Biostatistics & Health Data Science Unit, Institut Claudius Regaud - IUCT-O, 1 avenue Irène Joliot-Curie, 31059 Cedex 9, Toulouse, France.
Toulouse School of Economics, University of Toulouse Capitole, Toulouse, France.
BMC Med Res Methodol. 2022 Oct 26;22(1):278. doi: 10.1186/s12874-022-01748-w.

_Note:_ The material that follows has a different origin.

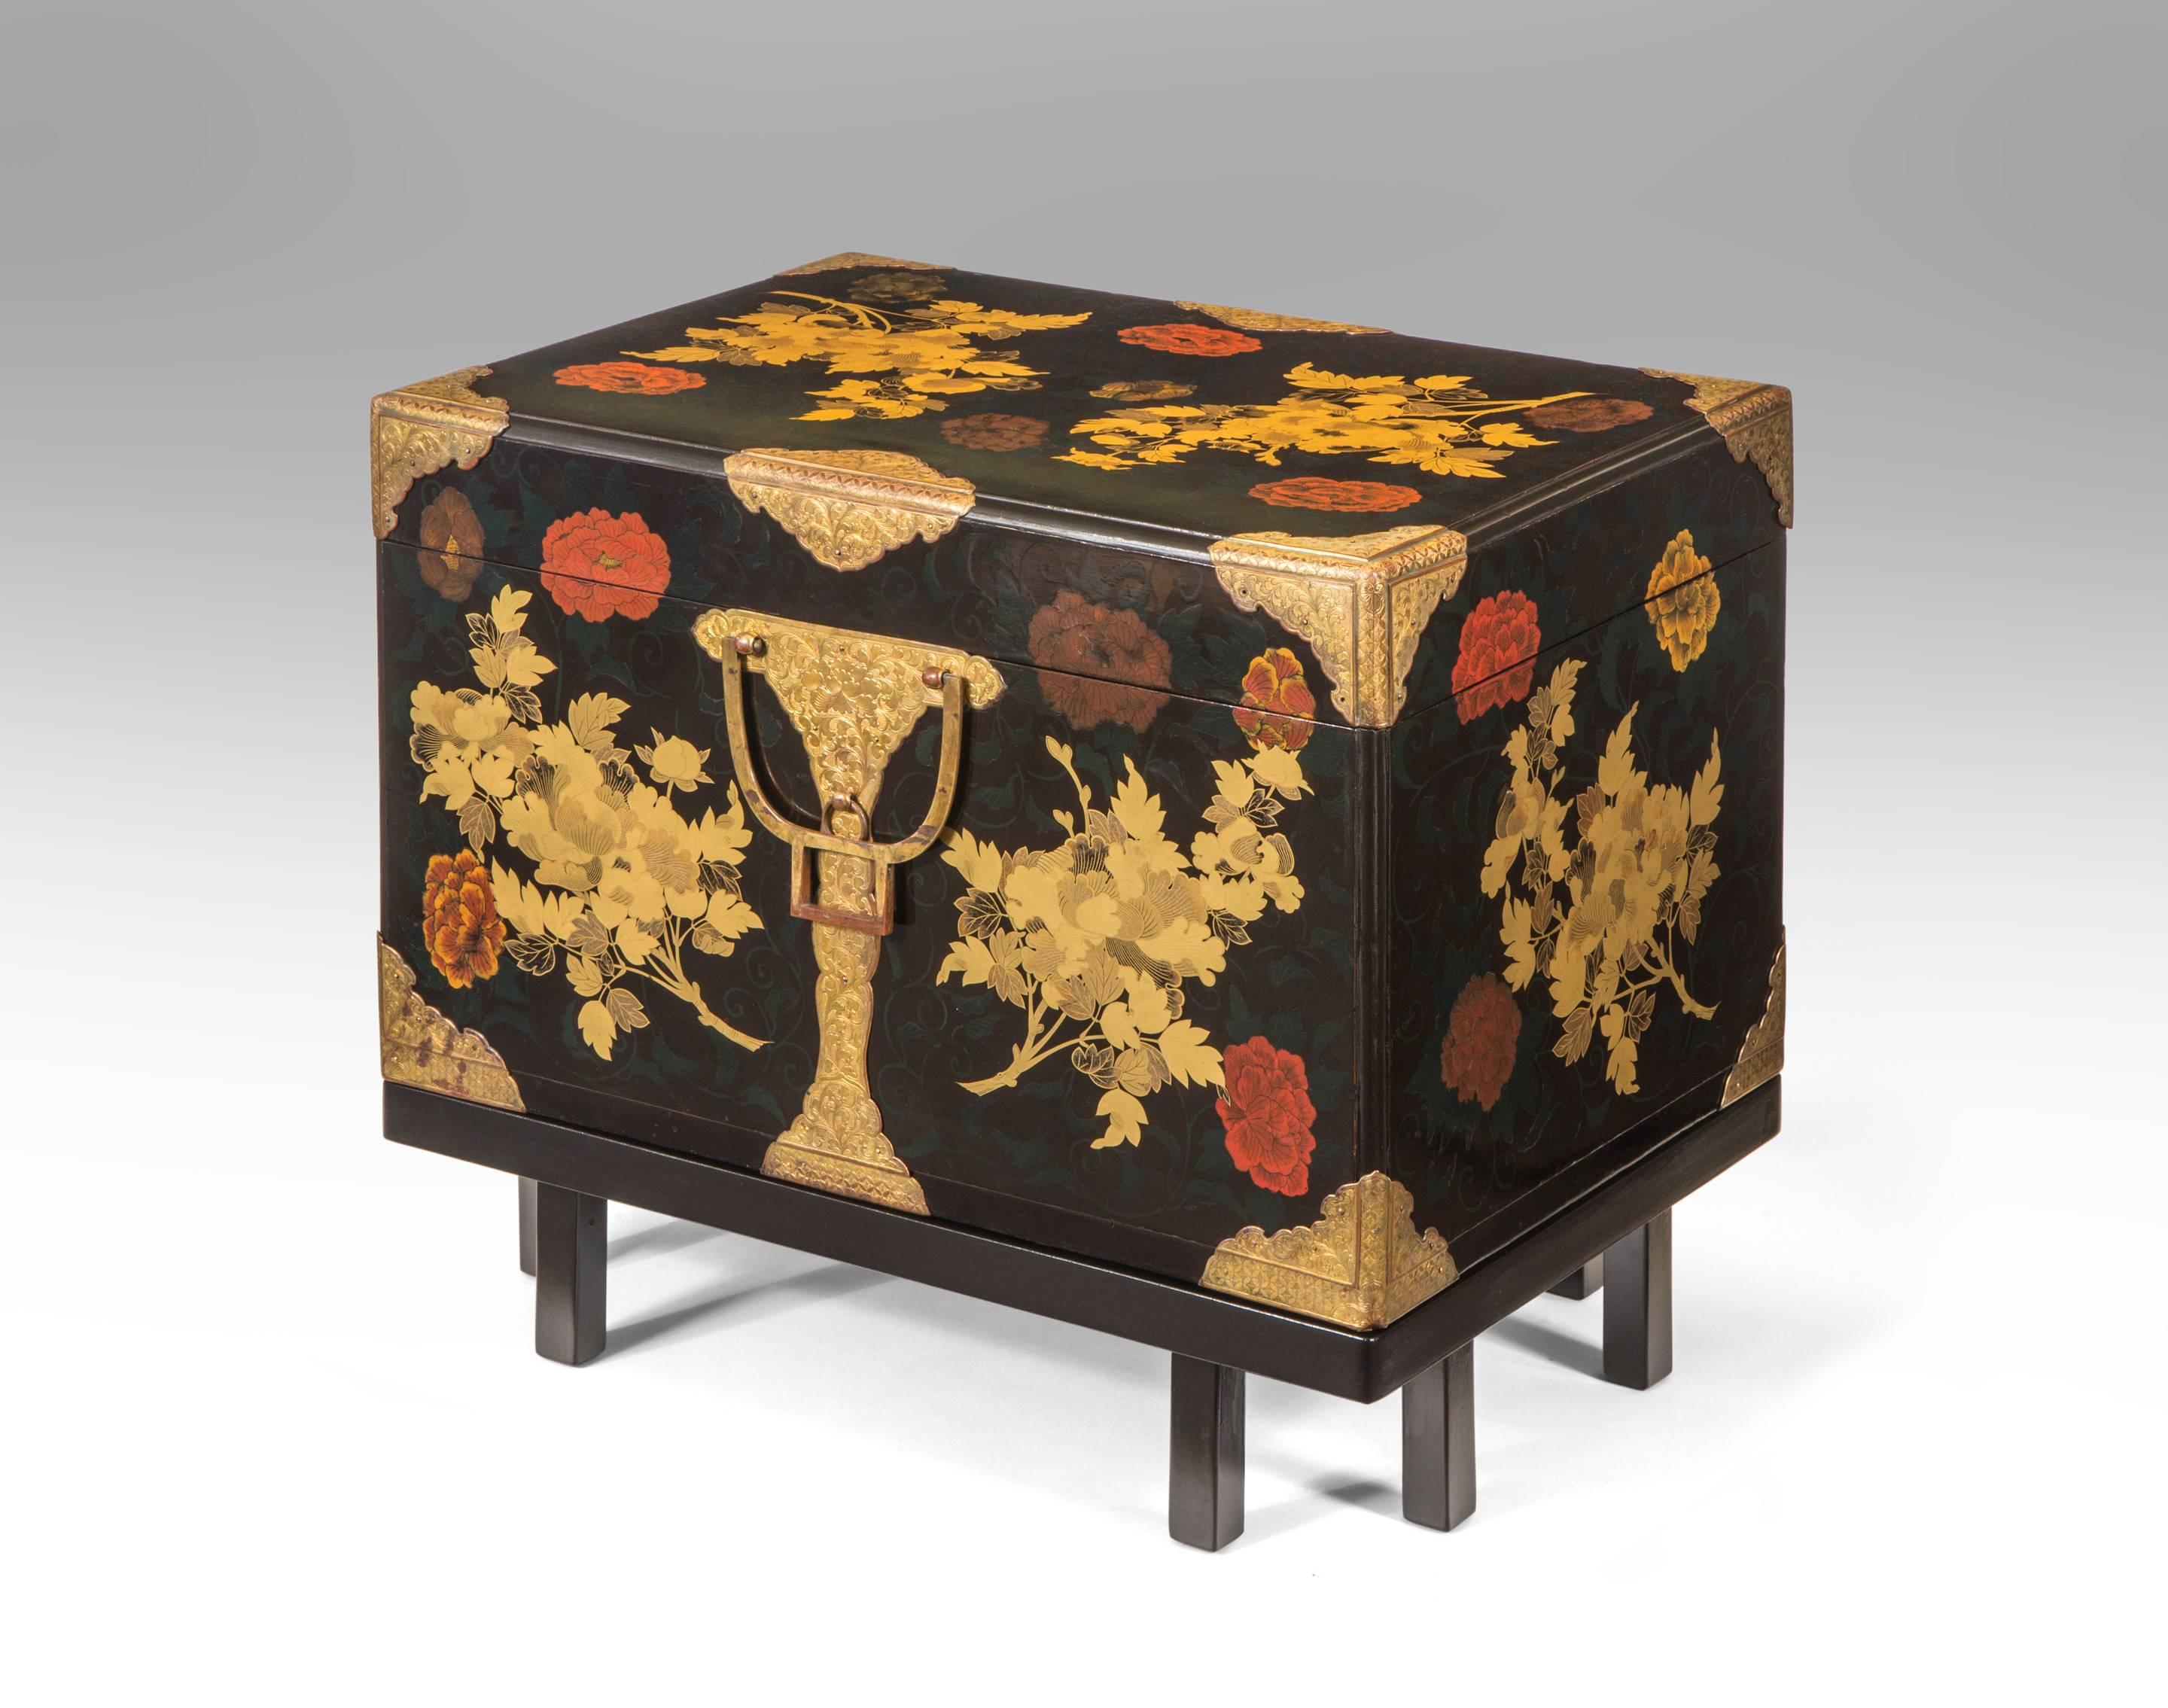 This gorgeous box is a rare example of decoration inspired by the Rimpa period. The whole adorned in golden peony branches against background of green trailing vines and polychromatic peony blossoms, the gilt copper mounts also engraved with

Given the inherent challenges of conducting randomized phase III trials in older cancer patients, single-arm phase II trials which assess the feasibility of a treatment that has already been shown to be effective in a younger population may provide a compelling alternative. Such an approach would need to evaluate treatment feasibility based on a composite endpoint that combines multiple clinical dimensions and to stratify older patients as fit or frail to account for the heterogeneity of the study population to recommend an appropriate treatment approach. In this context, stratified adaptive two-stage designs for binary or composite endpoints, initially developed for biomarker studies, allow to include two subgroups whilst maintaining competitive statistical performances. In practice, heterogeneity may indeed affect more than one dimension and incorporating co-primary endpoints, which independently assess each individual clinical dimension, would therefore appear quite pertinent. The current paper presents a novel phase II design for co-primary endpoints which takes into account the heterogeneity of a population. METHODS: We developed a stratified adaptive Bryant & Day design based on the Jones et al. and Parashar et al. algorithm. This two-stage design allows to jointly assess two dimensions (e.g. activity and toxicity) in two different subgroups. The operating characteristics of this new design were evaluated using examples and simulation comparisons with the Bryant & Day design in the context where the study population is stratified according to a pre-defined criterion.
Simulation results demonstrated that the new design minimized the expected and maximum sample sizes as compared to parallel Bryant & Day designs (one in each subgroup), whilst controlling type I error rates and maintaining a competitive statistical power as well as a high probability of detecting heterogeneity.
In a heterogeneous population, this two-stage stratified adaptive phase II design provides a useful alternative to classical one and allows to identify a subgroup of interest without dramatically increasing sample size. As heterogeneity is not limited to older populations, this new design may also be relevant to other study populations such as children or adolescents and young adults or the development of targeted therapies based on a biomarker.
鉴于在老年癌症患者中进行随机 III 期试验所固有的挑战,评估已经在年轻人群中显示有效的治疗方法在可行性的单臂 II 期试验可能是一个引人注目的替代方案。这种方法需要基于包含多个临床维度的复合终点来评估治疗可行性,并对老年患者进行适合或虚弱的分层,以考虑研究人群的异质性,从而推荐适当的治疗方法。在这种情况下,最初为生物标志物研究开发的用于二项或复合终点的分层自适应两阶段设计可以在保持竞争性统计性能的同时纳入两个亚组。实际上,异质性可能会影响多个维度,因此纳入独立评估每个临床维度的主要次要终点似乎非常相关。本文提出了一种新的用于主要次要终点的 II 期设计,该设计考虑了人群的异质性。方法:我们基于 Jones 等人和 Parashar 等人的算法开发了一种分层自适应 Bryant & Day 设计。这种两阶段设计允许在两个不同的亚组中联合评估两个维度(例如活性和毒性)。在根据预定义标准对研究人群进行分层的情况下,使用示例和与 Bryant & Day 设计的模拟比较评估了这种新设计的操作特征。结果:模拟结果表明,与在每个亚组中都有一个的平行 Bryant & Day 设计相比,新设计最小化了预期和最大样本量,同时控制了 I 型错误率并保持了有竞争力的统计功效以及高检测到异质性的可能性。结论:在异质人群中,这种两阶段分层自适应 II 期设计为经典设计提供了一种有用的替代方案,并可以识别出一个感兴趣的亚组,而不会大幅增加样本量。由于异质性不仅限于老年人群,因此这种新设计也可能适用于其他研究人群,例如儿童或青少年和年轻成年人,或基于生物标志物的靶向治疗的开发。